Google definitely throws its weight around too much w.r.t. to web standards, but this doesn't seem too bad. Web specifications are huge and complex so trying to size down a little bit while maintaining support for existing sites is okay IMO.
No, that would indeed be reasonable, but the proposal is to remove XSLT from the standard and remove Chrome support for XSLT entirely, forcing websites to adopt the polyfill themselves.
Which is, to me, silly. If you ship the polyfill then there's no discussion to be had. It works just the same as it always has for users and it's as secure as V8, no aging native codebase with memory corruption bugs to worry about.
> It works just the same as it always has for users
No it doesn't. An HTML page constructed with XSLT written 10 years ago will suddenly break when browsers remove XSLT. The webmaster needs to add the polyfill themselves. If the webmaster doesn't do that, then the page breaks.
From a user perspective, it only remains the same as before if the webmaster adopts the polyfill. From the web developer perspective, this is a breaking change that requires action. "shipping the polyfill" requires changes on many many sites - some of which have not needed to change in many years.

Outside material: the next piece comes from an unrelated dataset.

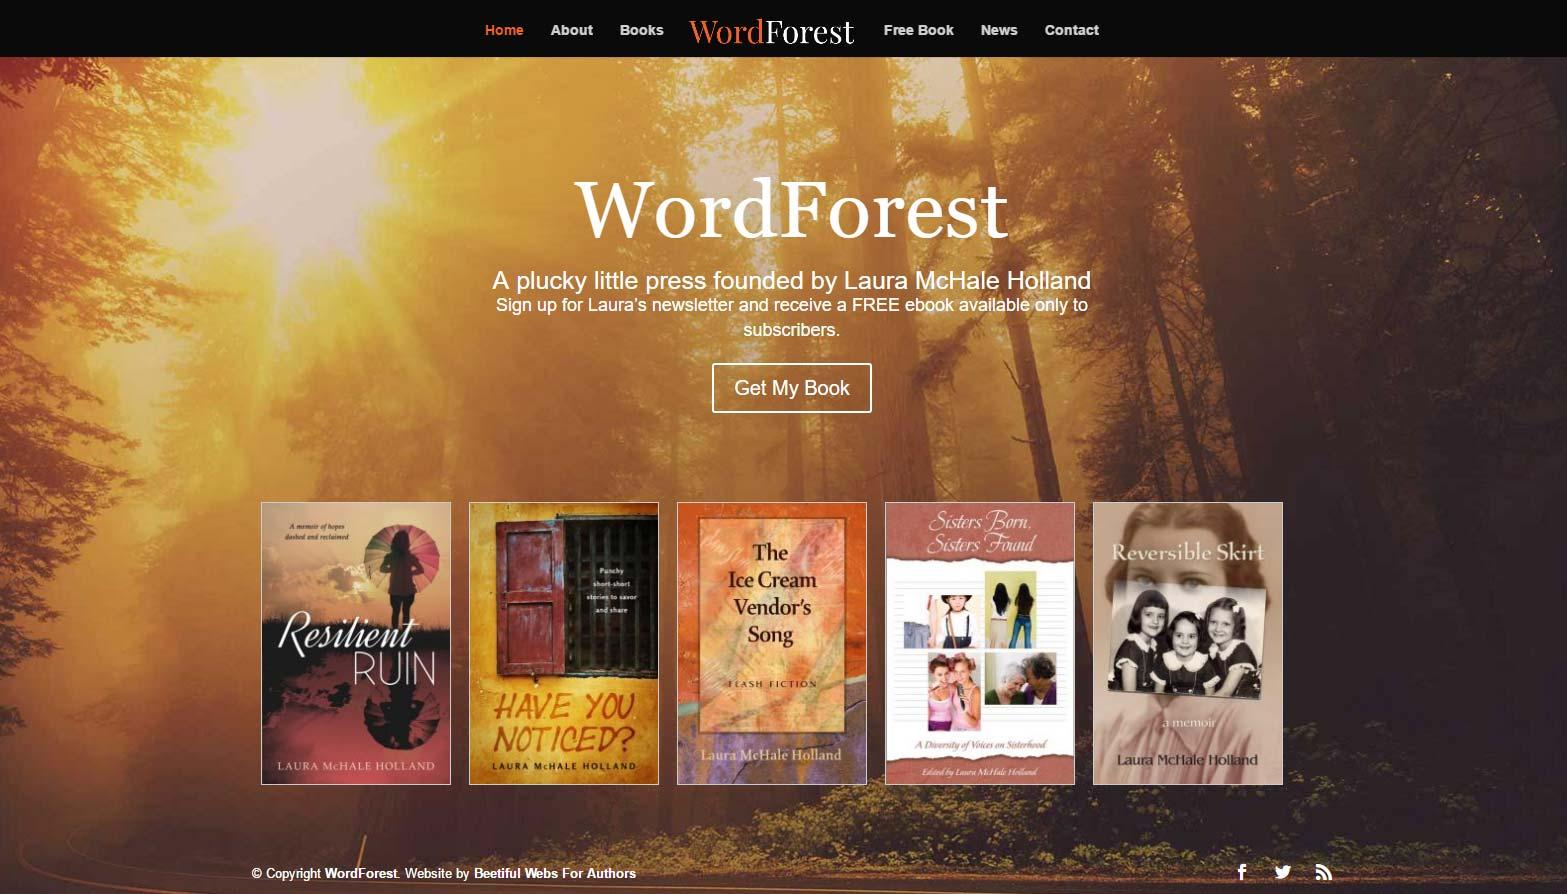 WordForest (wordforest.com)

It may also be difficult to do. I'm not sure what their proposed solution is, but often these are static XML files that include an XSLT stylesheet - difficult to put JS in there.
1 reply →
At the moment, XSLT in a browser doesn't depend on Javascript, so works even if JS is turned off. Using a polyfill instead will mean that XSLT will only work if JS is turned on.
1 reply →
Last I checked, it’s a polyfill that Chrome won’t default include - they’re just saying that they’d have a polyfill in JS and it’s on site authors to use.
That breaks old unmaintained but still valuable sites.

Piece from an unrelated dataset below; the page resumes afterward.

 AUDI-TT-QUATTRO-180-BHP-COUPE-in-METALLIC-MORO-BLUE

As a user you can only use the polyfill to replace the XSLTProcessor() JavaScript API. You can't use the polyfill if you're using XSLT for XML Stylesheets (<?xml-stylesheet … ?> tags).
(But of course, XML Stylesheets are most widely used with RSS feeds, and Google probably considers further harm to the RSS ecosystem as a bonus. sigh)

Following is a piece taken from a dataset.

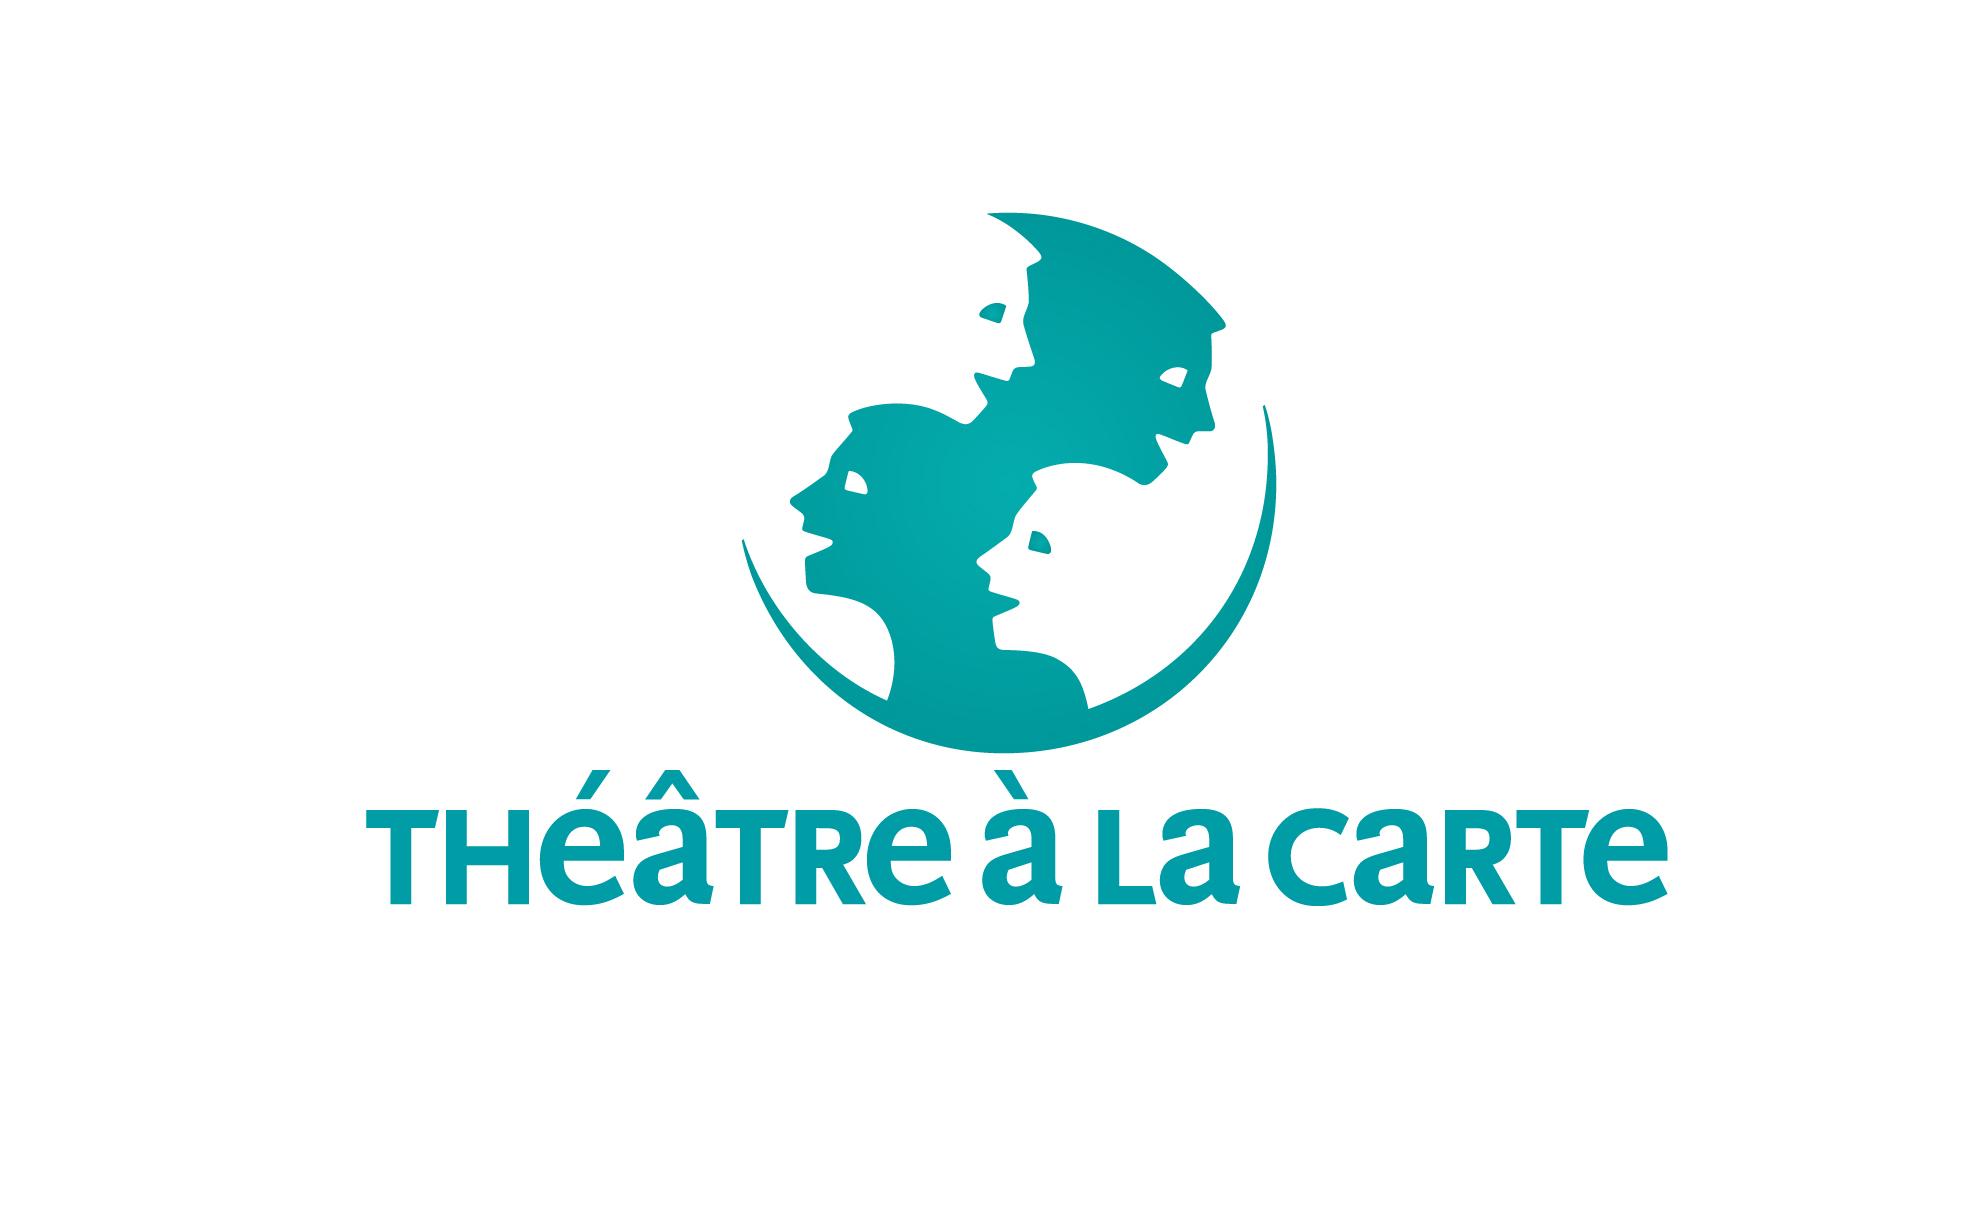 identité visuelle theatre a la carte logotype

Moz also has no love for RSS, having removed support for live bookmarks in Firefox 64 (2018) and no longer displaying the RSS icon anywhere in the UI when a website has any <link rel="alternate" type="application/rss+xml"> tags. If you want to subscribe to feeds you have to jump through a bunch of hoops instead of it being a single click.
Fortunately, Thunderbird still has support for feeds and doesn't seem to have been afflicted by the same malaise as the rest of the org chart. Who knows how long that will last.
Ah, okay. I guess that's another one I'll add to the list of hostile actions towards the web then.
I completely understand the security and maintenance burdens that they're bringing up but breaking sites would be unacceptable.
The polyfills are something devs have to include and use. It means all the pages that cannot be updated will be broken.
The polyfills suggested are for the servers to do the transforms, not the browser.